### What you are asked to do:
From the line containing "Novo livro de" through the last line of the data, both ends included, write out every line exactly; omit the pictures.

### Dataset excerpt:
────────────────────

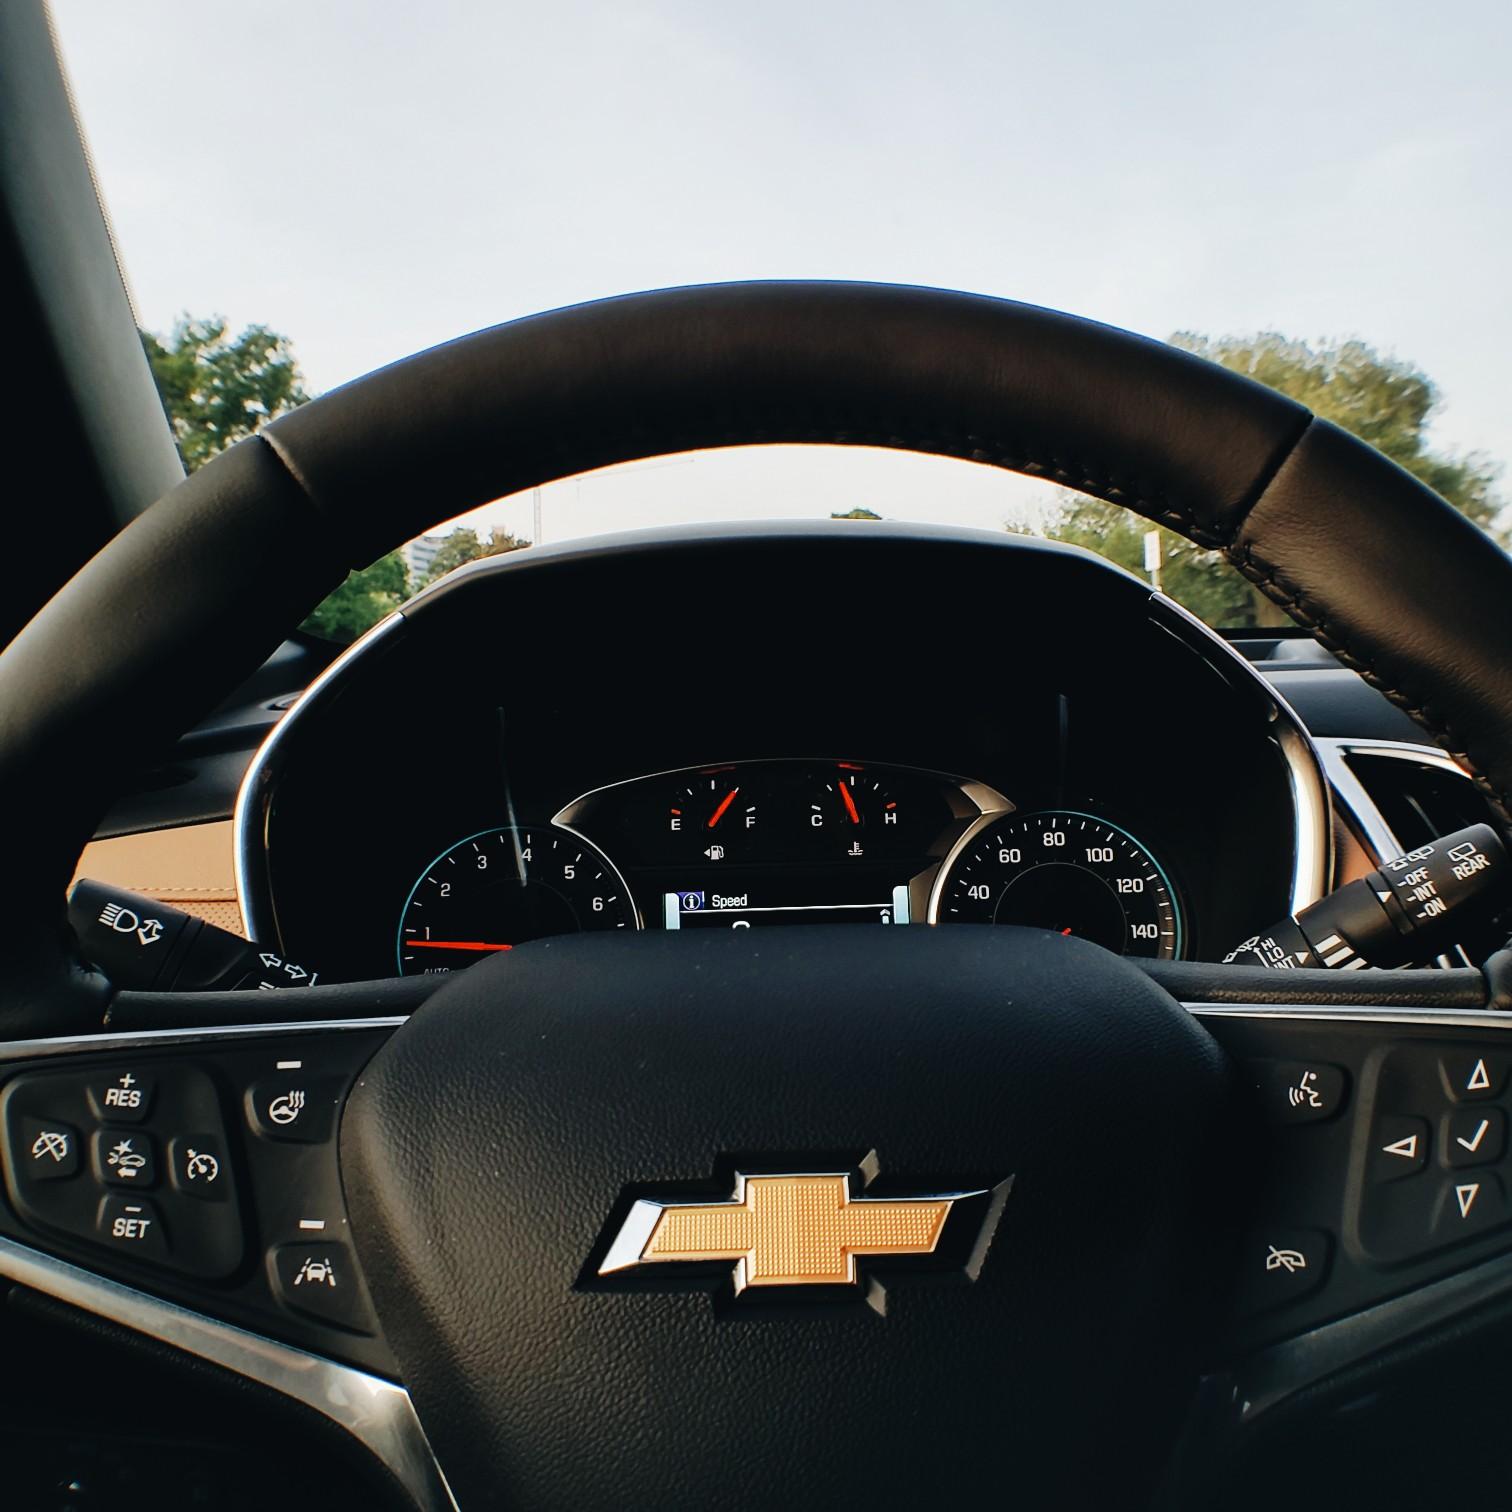 2018 Chevrolet Premiere Equinox Car Review
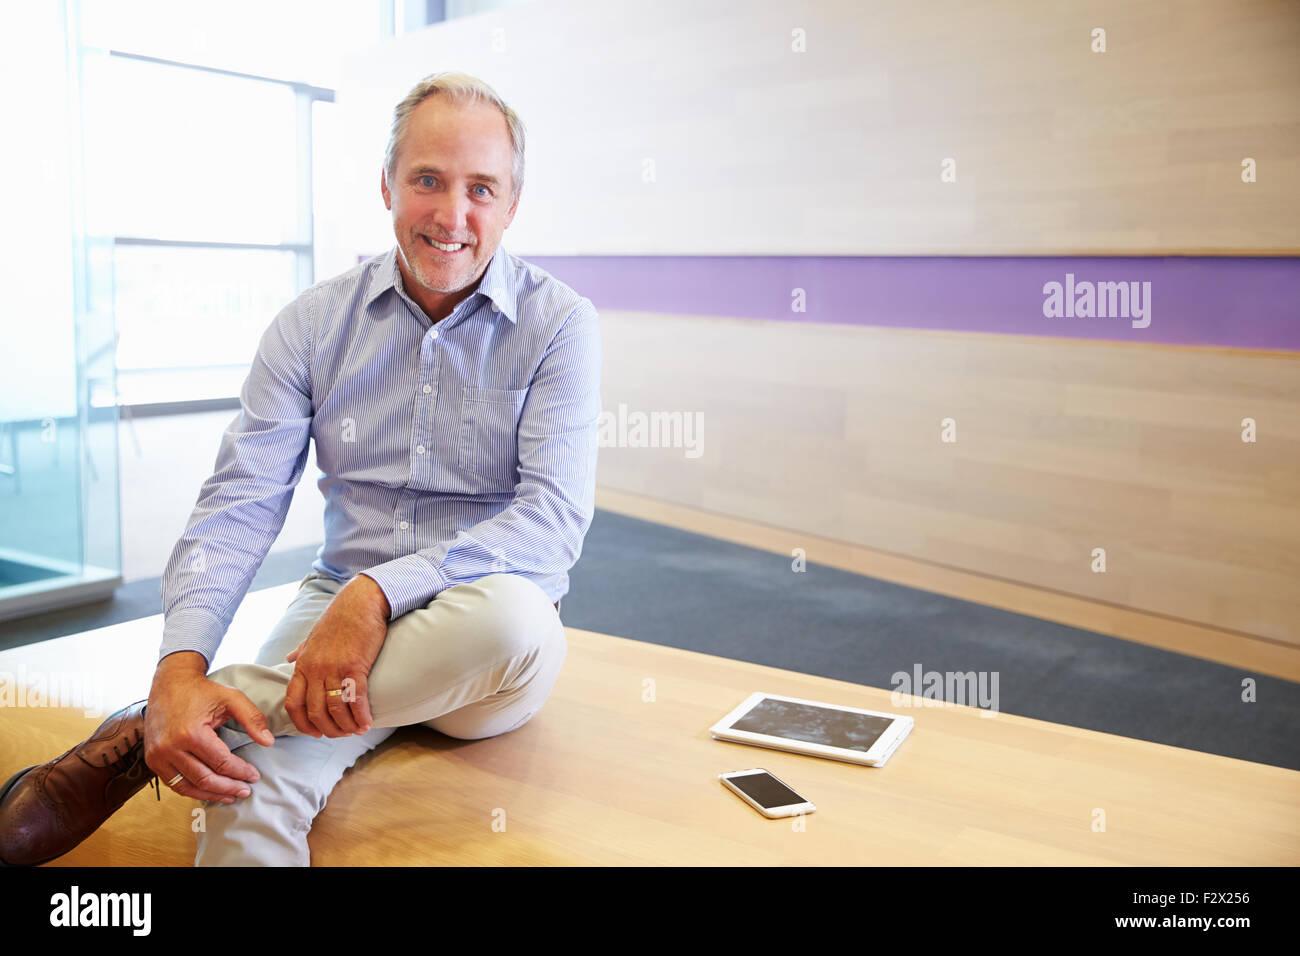 Smart casual man ordinateur tablette et smart phone Photo Stock
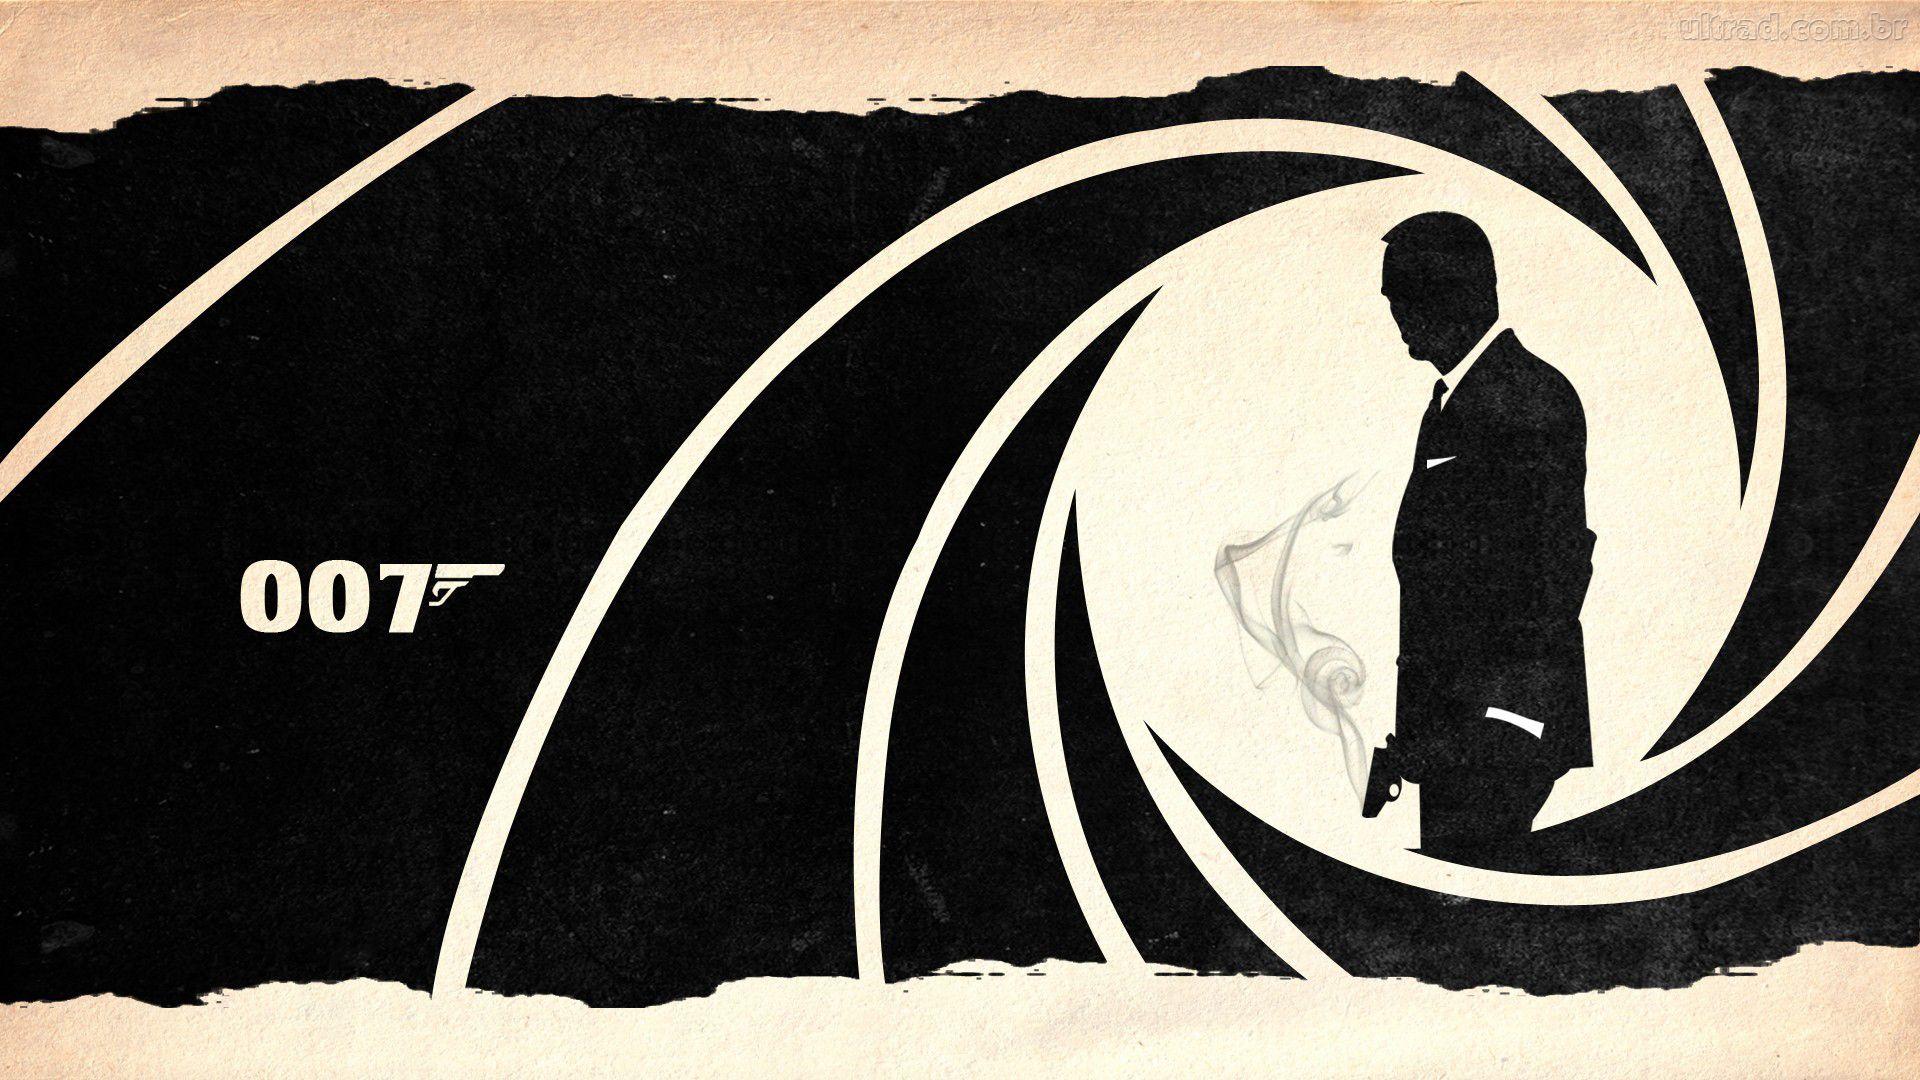 Novo livro de 007 faz heri retornar a seus anos dourados   Livros 1920x1080
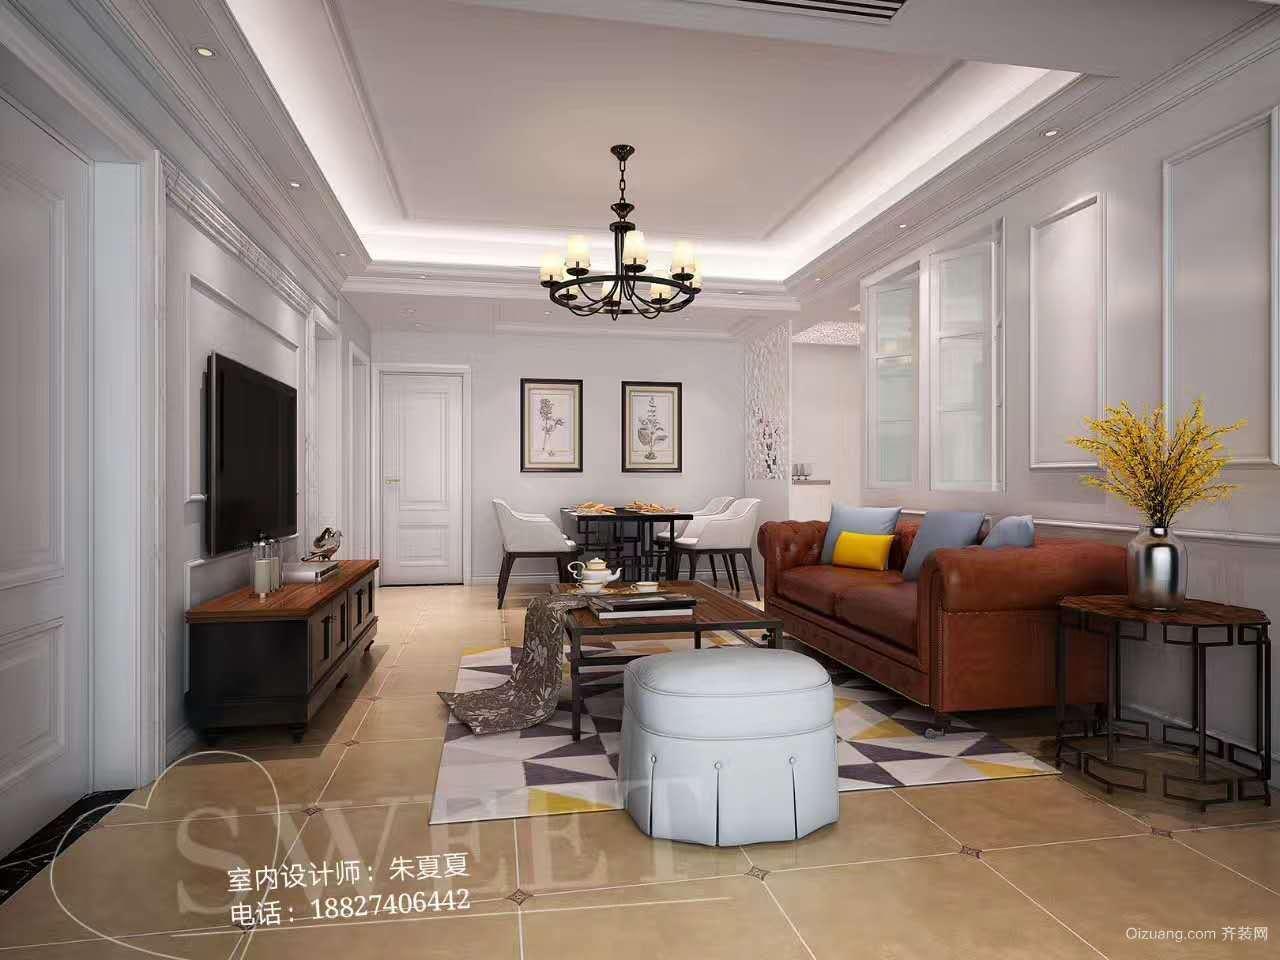 王家湾中央生活区美式风格装修效果图实景图

────────────────────

### Solution for this task:
 Novo livro de 007 faz heri retornar a seus anos dourados   Livros 1920x1080
 王家湾中央生活区美式风格装修效果图实景图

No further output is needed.